Let's Encrypt servers making daily HTTP challenge requests even after the order has been finalized - but only when a CNAME is involved

Hi. I don't need help as such; I'm just trying to find a channel to reach out to report a suspected issue.

I have a process for requesting certificates from Let's Encrypt. If the domain name I request the certificate for resolves directly to an IP address through an A record, then everything behaves as expected. If the domain name I request the certificate for resolves via a CNAME, then I get strange behaviour.

Whether or not there is a CNAME involved is the only difference I can find on my side between expected behaviour and unexpected behaviour.

In both cases, the certificate is issued successfully. The strange behaviour is that the Let's Encrypt servers will start performing daily HTTP requests for unrecognised tokens against the domain when a CNAME is involved.

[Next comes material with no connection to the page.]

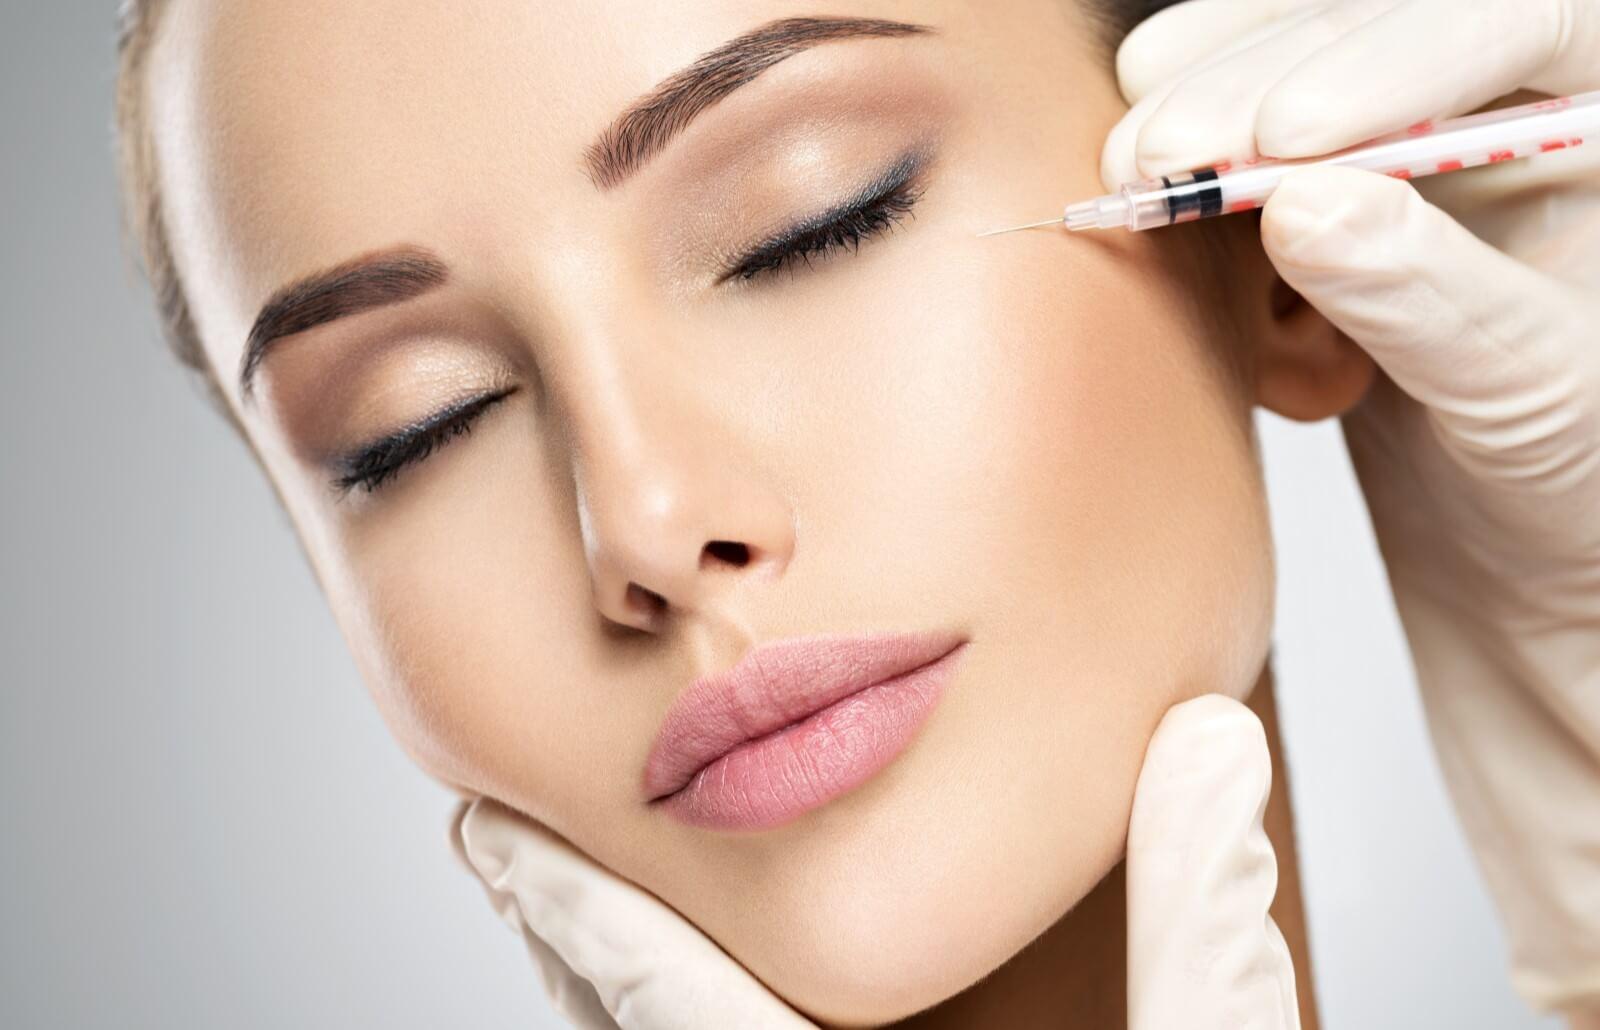 Ways to Rejuvenate the Skin Around Your Eyes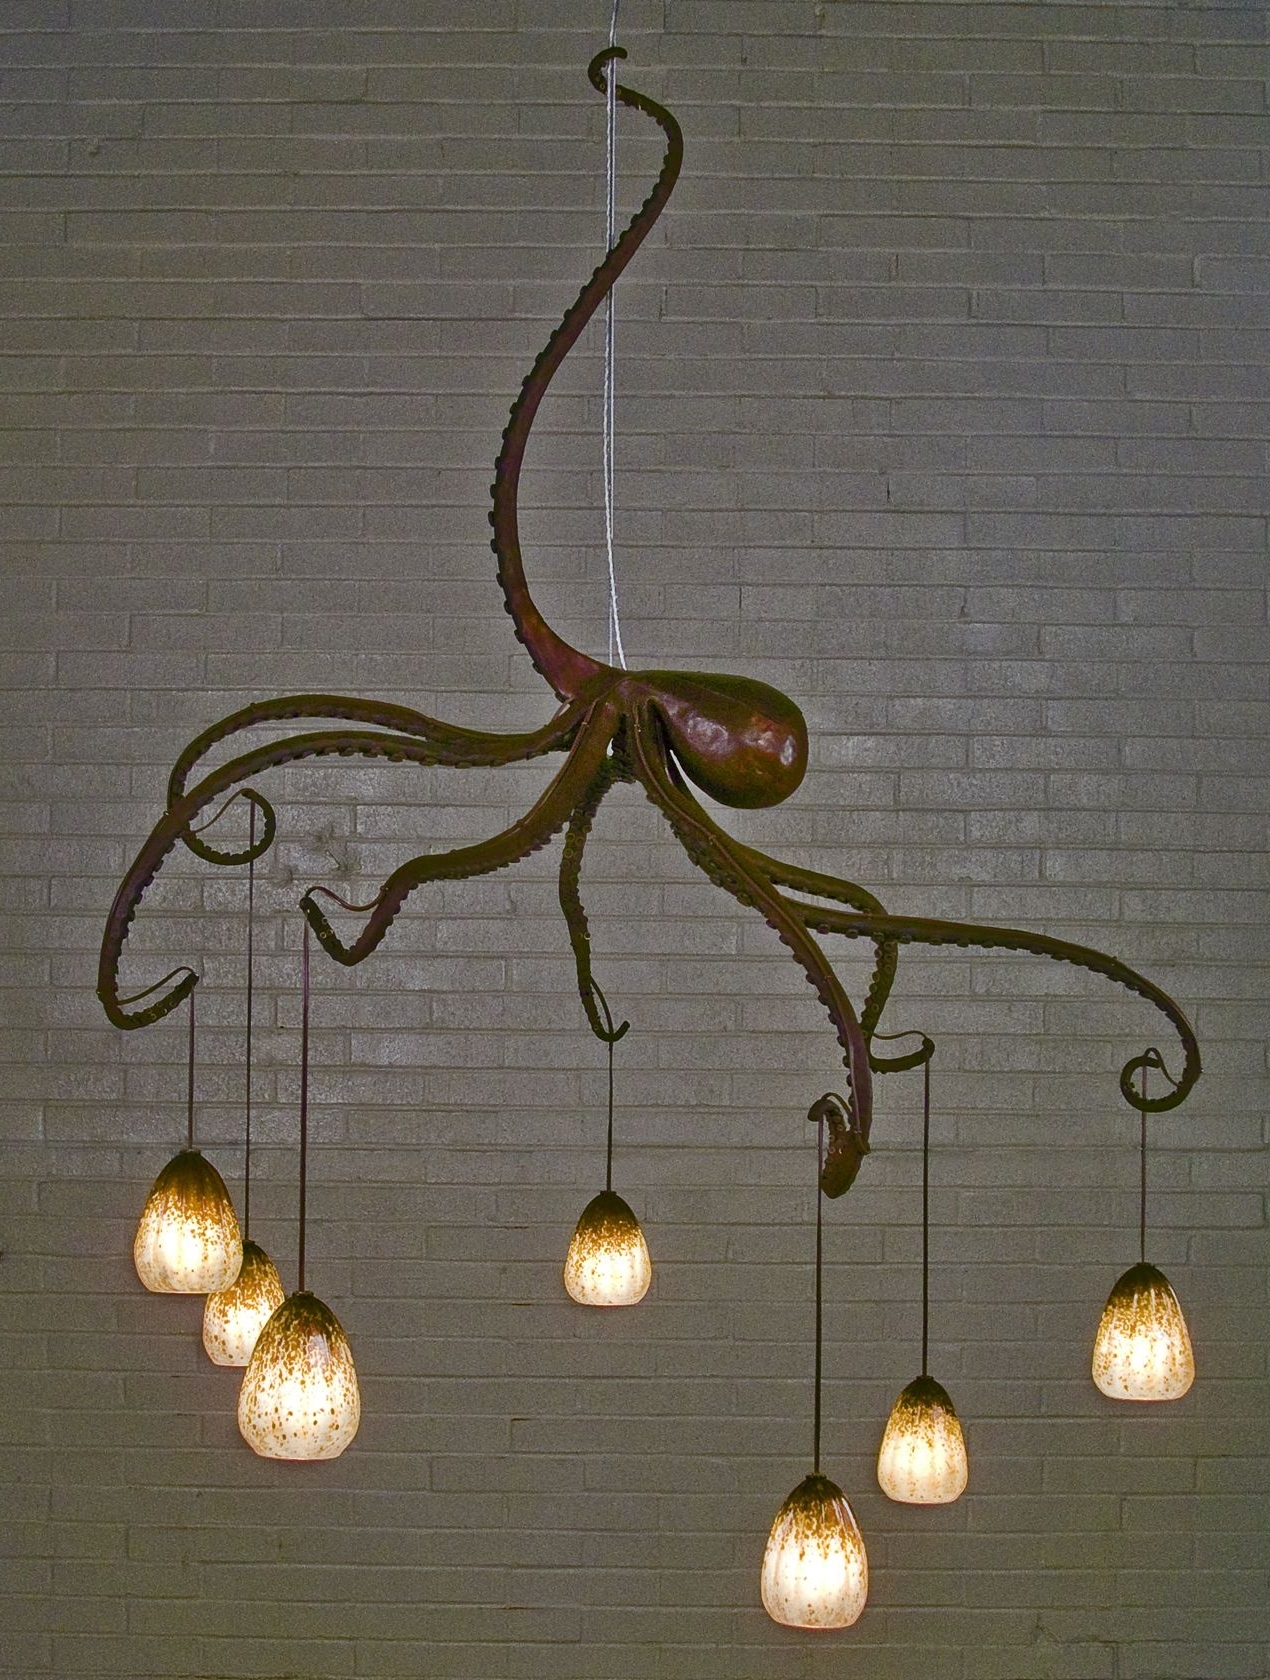 Chandelier For Restaurant Pertaining To Newest Octopus Chandelier Made For Michael Chiarello's Restaurant, Bottega (View 4 of 20)

I know that the daily unexpected request are coming from Let's Encrypt's servers, because the source IP addresses overlap with expected requests from legitimate certificate renewals.

I know that the HTTP requests aren't in response to POST-as-GET challenge requests coming from my environment: the process that requests certificates is currently being run manually, and outbound access is restricted in that environment such that all HTTPS requests go through a forward proxy - and the forward proxy's logs only show HTTPS connections being opened when I manually trigger the process.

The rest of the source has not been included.